Is that what I would do with the brand personally? Not really. One of the hallmarks of the Ellery Queen brand is a high degree of written literacy; the language, plots, and characters are sophisticated and urbane. Unfortunately today’s post-literate generation is unlikely to want to burden itself with the tedium of actually reading difficult books like that, even on an e-reader. I’d be looking for a way to leverage the brand into an extremely modern platform of some kind, probably as an on-line series, and I’d be looking to cast a very talented young actor to carry the weight of the role for a long time, along the lines of David Suchet. And I would insist that the continuation activities had three hallmarks. It doesn’t seem useful to reviving the brand to reboot it in a 21st-century way, by making Ellery Asian or female or an Asian female, or whatever. Sometimes that works, but I can’t think that would please anyone except those for whom Ellery Queen was a completely new character. So the first stricture would be, keep Ellery pretty much the way he is — single white New York male.  My second idea would be to fix Ellery Queen very firmly in the historical past. I think the 1930s would be most appropriate, but there are problems with this — I understand that Acorn have research that suggests that the period has to be “within living memory”, which is why so many 1920s/1930s brands have been updated to the 1950s and 1960s for recent television production.  If I couldn’t manage the 1930s, I’d fix him in the 1950s and do the rebranding as a period piece, just a different period. And the third stricture is that since Ellery Queen is now really associated principally with the publication of mystery short stories, that’s what I’d be building on. Sure, I’d like some novels. But I think it would be better for the brand to revive by using the short story form, if print is required.

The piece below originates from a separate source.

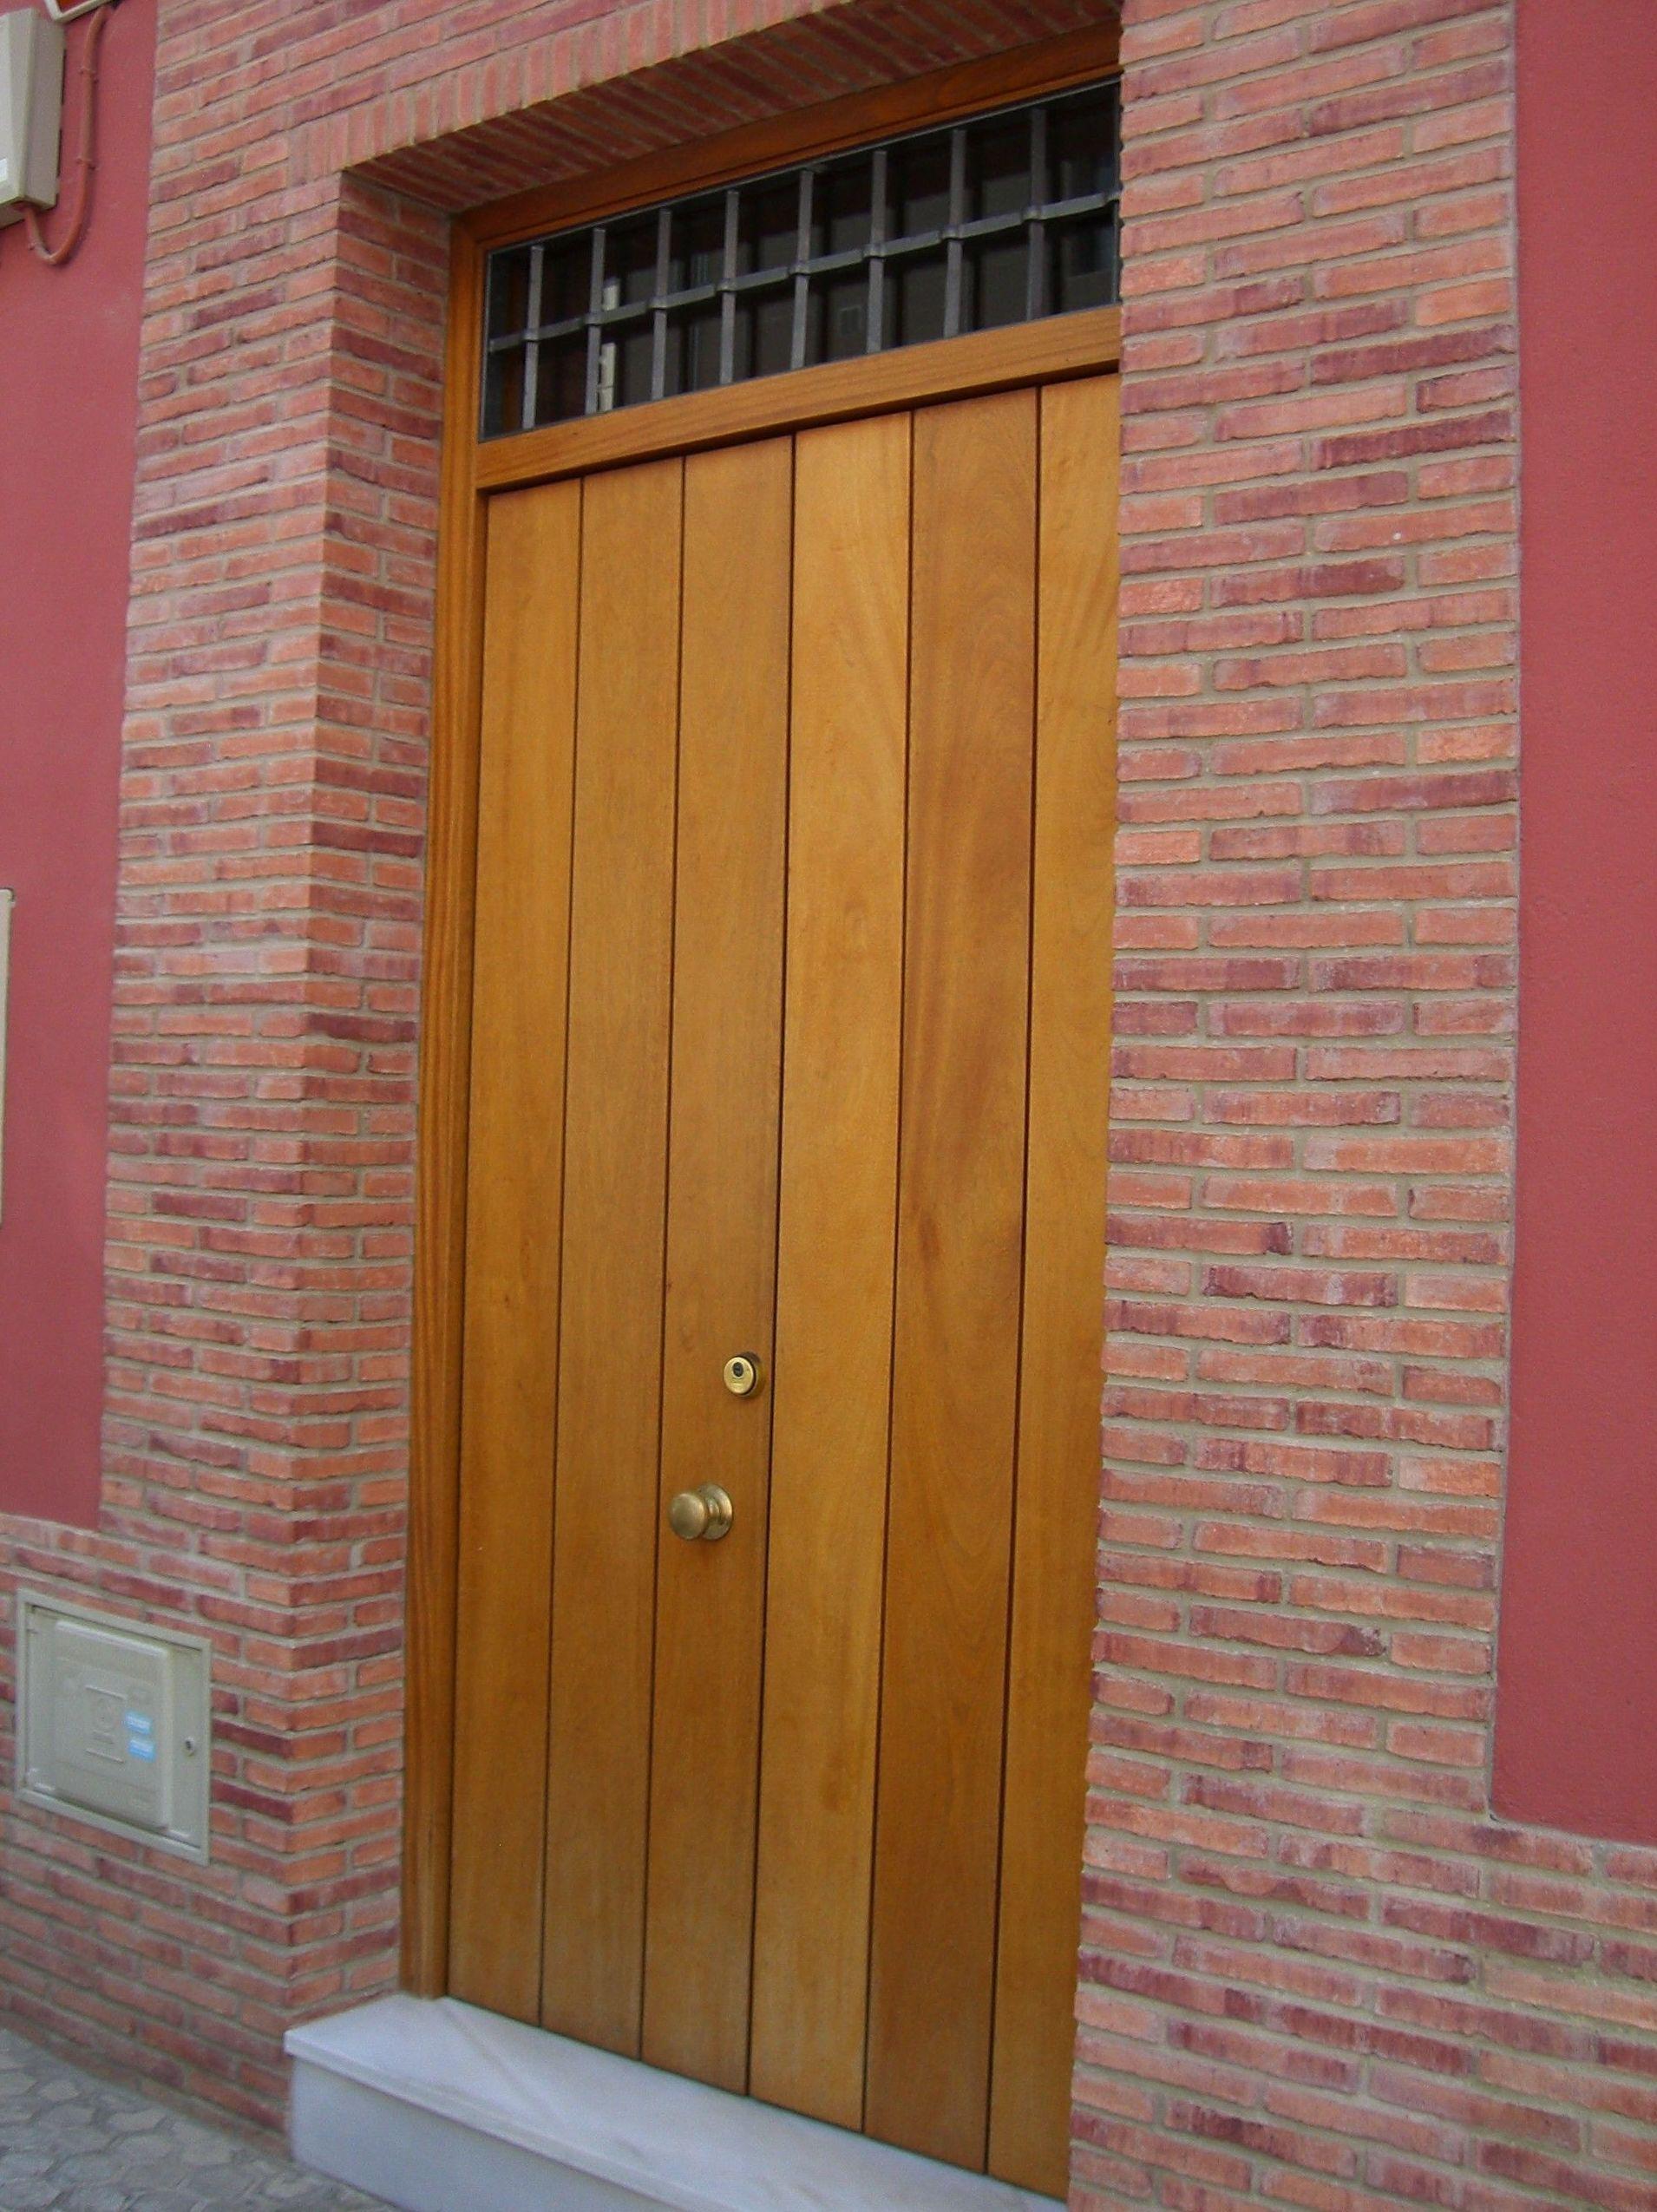 Foto 30 de Carpintería en Alcalá de Guadaíra | CARPINTERÍA Y EBANISTERÍA ARCAMADE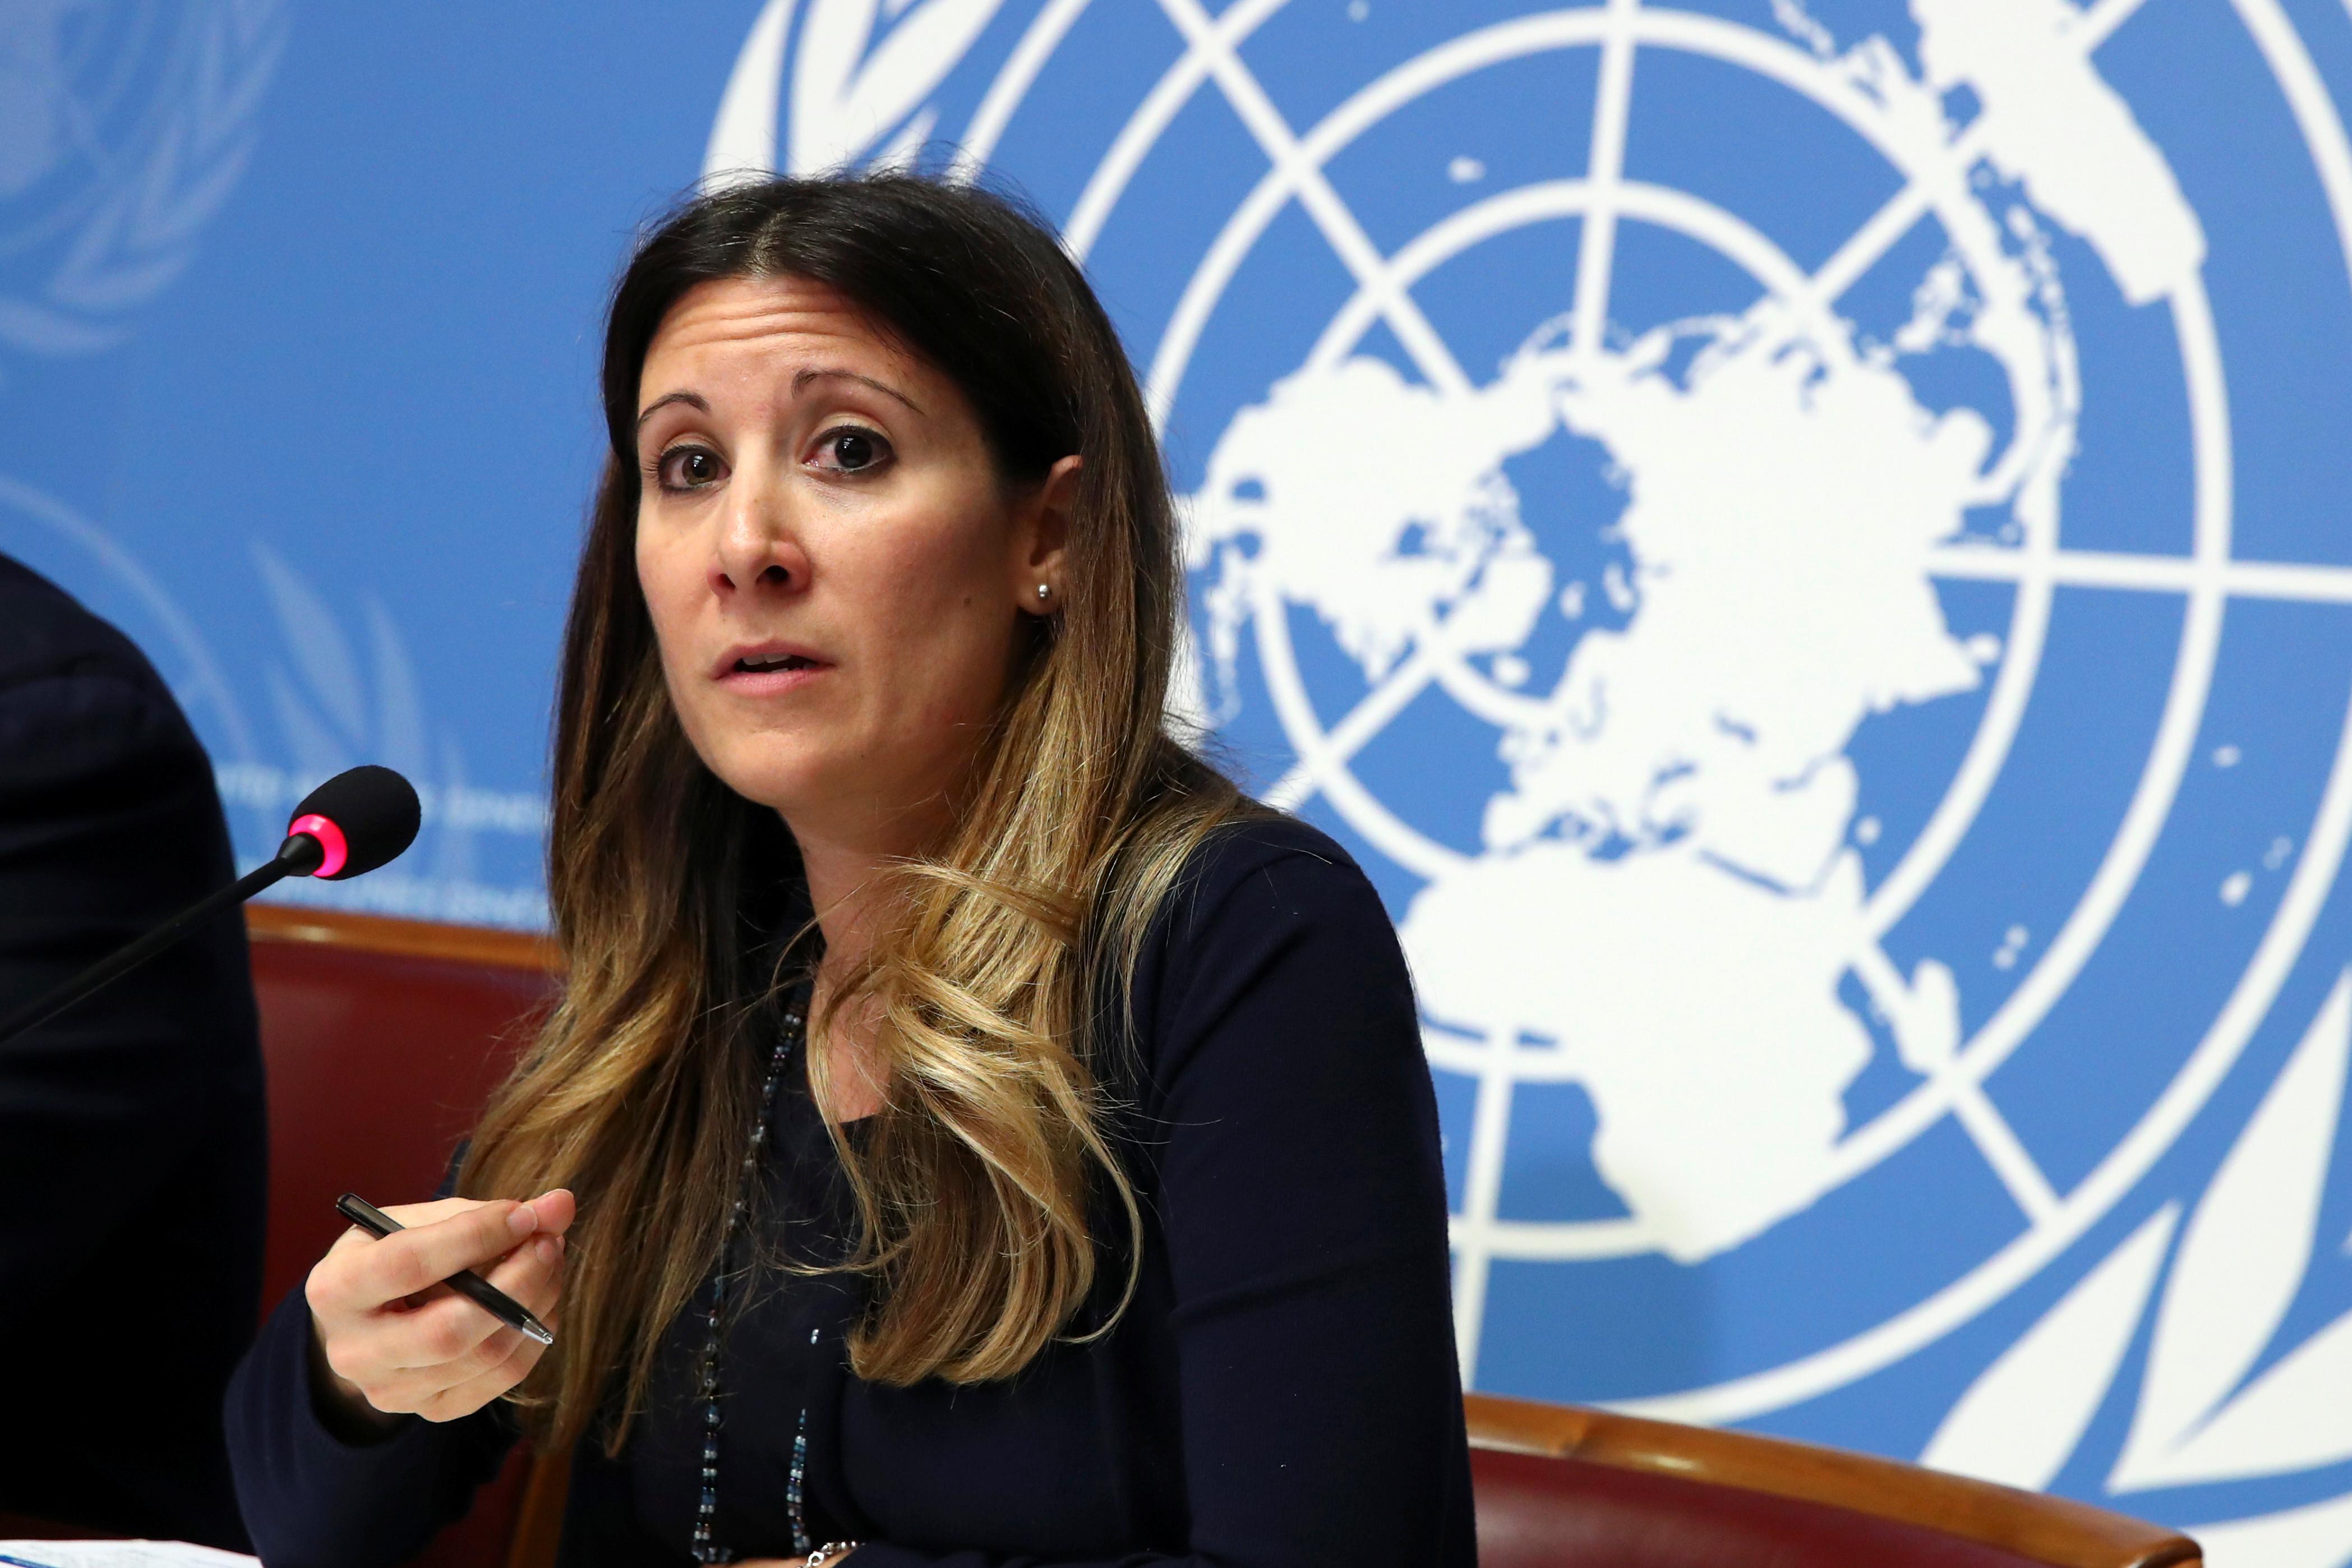 WHO:欧洲抗疫要认真加把劲 但没必要实施全国封锁

And, of course, this is not my business, in the most literal sense. Don’t get me wrong, I love Ellery Queen and respect the EQ cousins’ great achievements with the character. I don’t want to see the brand die, but I also cannot see that it’s possible to keep the brand alive and preserve it in amber as a Golden Age relic. I have no idea why the current EQ heirs are not licensing continuation material; it’s almost too late, if it isn’t actually past the sell-by date, so perhaps they merely feel that it’s appropriate to let the brand die, out of respect for its former achievements. That’s fair and reasonable, as long as the heirs don’t need the money. If they do want to continue the brand, they have to get busy quickly.

What do you think? Is it time for Ellery Queen to sink into the dust of history, or would you like to see something happen to revive the character and the brand?